We decided to examine the growth of CROs in Japan over the past 10 years, looking at some of the causes, the benefits of using a CRO, what attracts talent to a CRO, and some of the (perceived) negatives of using a CRO’s services and of working for a CRO. 

We surveyed more than 50 industry professionals, including clinical directors, project managers, and trial leaders, to find out their thoughts about the rise of CROs in Japan.  

Question 1
It appears that CROs are growing in Japan, now and during the past 10 years.  

  • 53.3%Strongly agree 
  • 35.6%Agree 
  • 11.1%Neutral 
  • 0%Disagree 
  • 0%Strongly disagree 

 The first—and most important—question was to see if our assumption was correct. As we suspected, nearly 90% of those we polled agreed that CROs have increased their business over the past 10 years. Now the question is why? What are some of the reasons why ethical pharmaceutical companies are increasingly outsourcing their business to CROs? 

Question 2
Contract research organizations have seen their business grow in Japan for the following reasons (multiple answers allowed).  

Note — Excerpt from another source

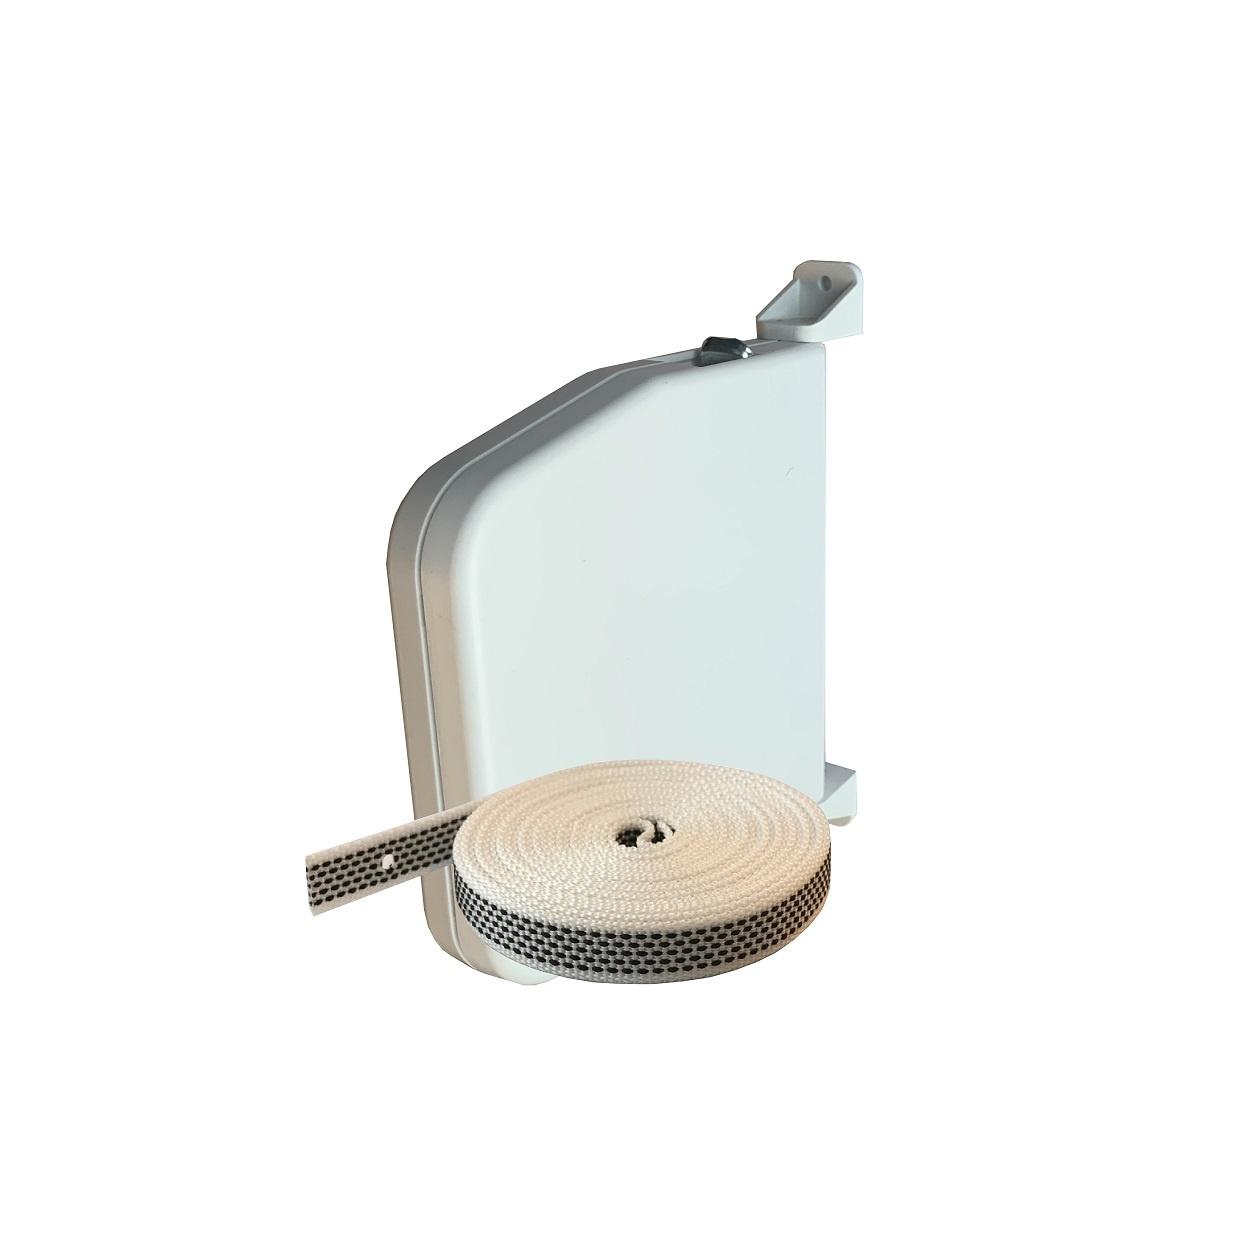 Selve Bandopwinder - bandoproller incl. 5 meter band

(A) Expertise in their field of operations (clinical development, data management, quality assurance, etc.).
21.3% 10  

(B) Pharmaceutical companies outsource their operational needs to various CROs based on the individual strengths of each CRO.
55.3% 26 

(C) It is more cost effective
53.2% 25  

(D) The lack of available talented candidates within pharmaceutical companies leads them to fill that void with CROs.
14.9% 7 

What is most interesting is that saving money is one of the main factors, yet equally important is the range of choice that pharmaceutical companies now have in the Japanese market. For example, a pharmaceutical company can use different CROs to conduct trials, provide lab services, and meet a range of other needs. 

As stated before, this growth has led to high demand for talented people to join CROs. As a recruiter, it’s not always easy to explain to candidates the benefits of leaving their prestigious mega-pharma company to join a 100-person CRO. 

So why join a CRO?  

Question 3 

Why might a strong candidate move from an ethical pharma company to a CRO (multiple answers allowed)? 

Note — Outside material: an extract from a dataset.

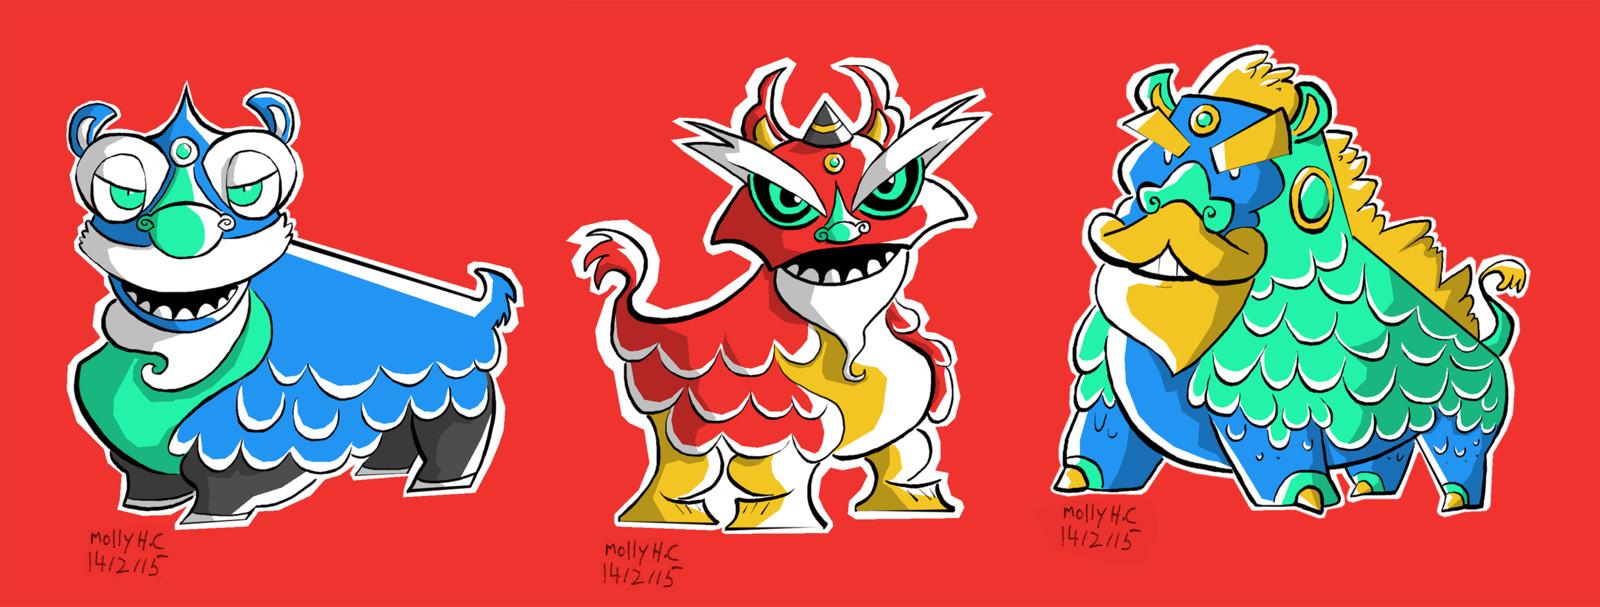 Nihan Character Concepts

(A) The opportunity to work on numerous projects in various therapeutic areas.
31.0% 13 

(B) Higher salary.
33.3% 14 

(C) The opportunity to work on more global projects.
9.5% 4 

(D) The opportunity to advance their career more quickly.
23.8% 10 

(E) Clinical development at ethical pharma is increasingly outsourced to CROs, and therefore a career at a CRO seems more stable.
47.6% 20  

Question 4
Over the next 10 years, CROs will continue to grow as health-care companies increasingly use their services. 

31.3% Strongly agree 

45.8% Agree 

16.7% Neutral 

2.1% Disagree 

4.2% Strongly disagree 

The majority of respondents feel that CROs will continue to grow, with only a few disagreeing. This is in line with what we’ve seen as recruiters.   

Nearly all of the survey respondents had experienced the rapid and continued growth of CROs in Japan. In the current fiscal climate, many large pharmaceutical companies are cleverly working with CROs to reduce costs and avoid unnecessary head counts. Another benefit to working with CROs is that pharmaceutical companies can form partnerships according to their varying needs. Despite the viewpoint that working for manufacturers is the more prestigious endeavor, many talented clinical professionals are joining or consider joining CROs for greater job stability, higher salary, and quicker career advancement. 

Pharmaceutical companies are increasingly dependent on CROs, and the CRO sector is expanding and hiring aggressively. CROs and pharmaceutical companies are continuing to develop a strong interdependent relationship.